Kaesemann are stiffer (when rotating) than most CPLs on the market which is normal, due to the seals to keep out moisture.
Hi, I use a polarizing filter on all lenses. My choice of filters Marumi, I am satisfied. The wide angle gives the contrasting sky and clouds, the average angle eliminates unnecessary glare and extends the dynamic range.
Below is a collage of two photos with a polarization filter. Highlights on the machine and without glare, pale sky and the contrasting sky.
Canon 5D, 16-35 f/2.8L II, Marumi 82 mm WPC CPL, city of St. Peterburg.
Hi folks,
Google has failed me. I am in the market for a polarising filter and being a cheapskate want to know if I get a 77mm CPL will it work ok (with a step up ring) on a 72mm lens?
I have 2 lenses at the moment (in sig) one 77mm the other 72mm and thought I'd be cunning and buy just the one CPL - anybody else done this?
By the way I'm looking at this filter "Marumi 77mm 77 Super DHG MC CPL Slim Thin Filter Japan" from a popular trading site.
Polarizing filters sometimes produce erratic effects with very wide angle lenses because the angle of the sun on one side of the image is different from the other side giving uneven polarization. However, while the 17-40mm may be a wide lens on a full frame camera, if you are using a 1.6 crop camera this lens is not really a wide angle but more like a medium range zoom. I never had problems with uneven polarization when using my 17-40L on my 1.6x crop cameras. Additionally, I never had vignetting problems when I used a "normal" CPL. I did not need to purchase a thin CPL designed for wide angle lenses.
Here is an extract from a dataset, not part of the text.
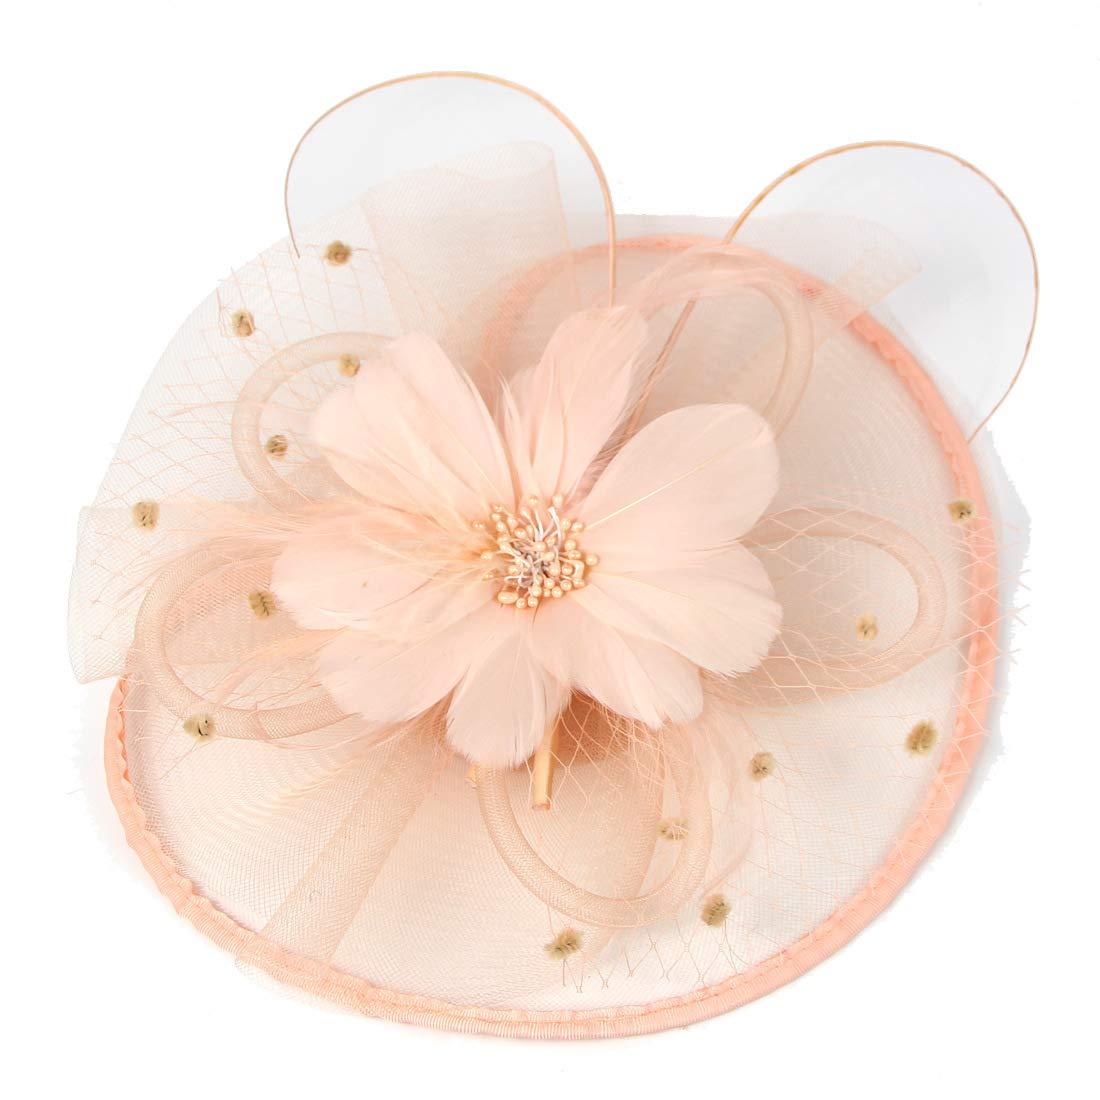 ASKEN Frauen Cocktail Fascinator Haar Pillbox Hut Feder Kopfschmuck Tea Party Hochzeit Kirche Headwear
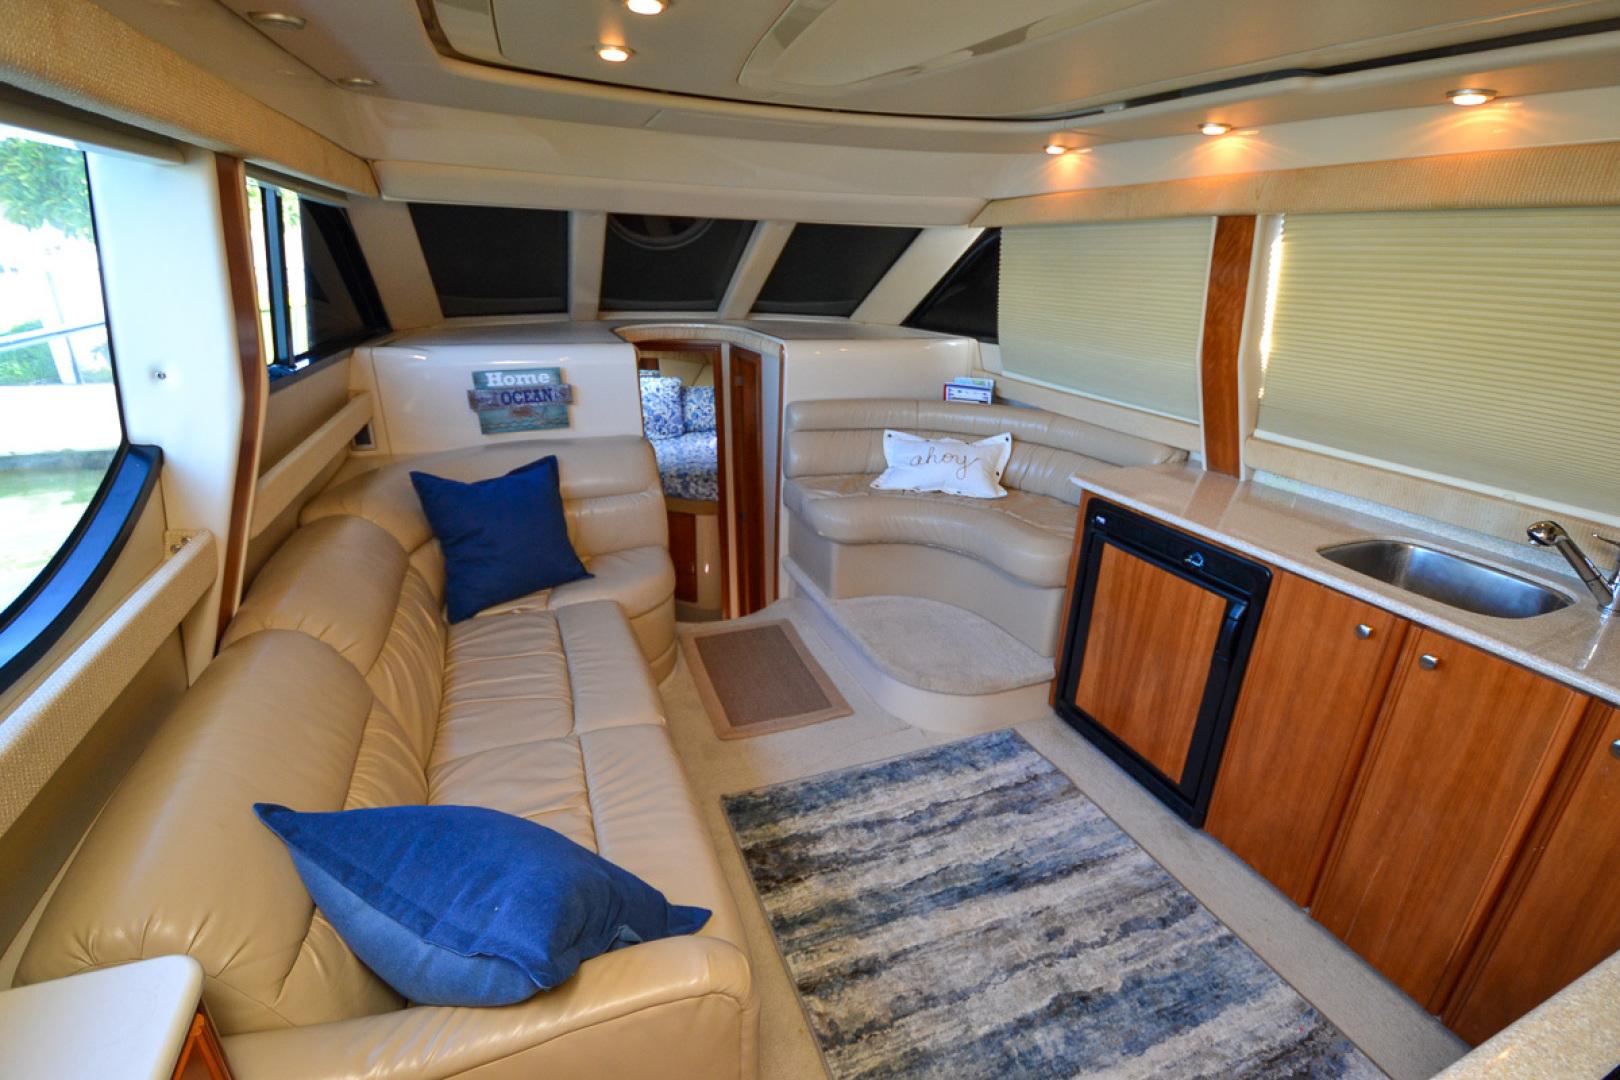 Meridian-341 Sedan 2004-Sea Harmony Belleair Beach-Florida-United States-1496643 | Thumbnail

IMO, if you are shooting outdoors the polarizing filter is one of the most important tools you can use. It can (always depending on the angle of the sun in relationship to the plane of the filter) darken skies and accentuate clouds, enhance the vibrancy of foliage and rock formations by reducing reflections and it can reduce or remove reflections on non-metallic surfaces like water and glass. Most effects of other filters can be duplicated using Photoshop. Even the effect of a GND can be duplicated using various single and multishot techniques and post processing. However the reduction of reflection and the resulting ability to view through glass windows and below water cannot be duplicated.
A secondary, yet very important, result of the CPL darkening the sky is the general reduction of dynamic exposure range of an image. This often results in a dynamic range than can be captured by the sensor of a digital camera.
And yes... Purchase the best CPL or none at all. I use a combination of Hoya Multi Coated and B&W CPL filters. Cheap filters tend to badly degrade images.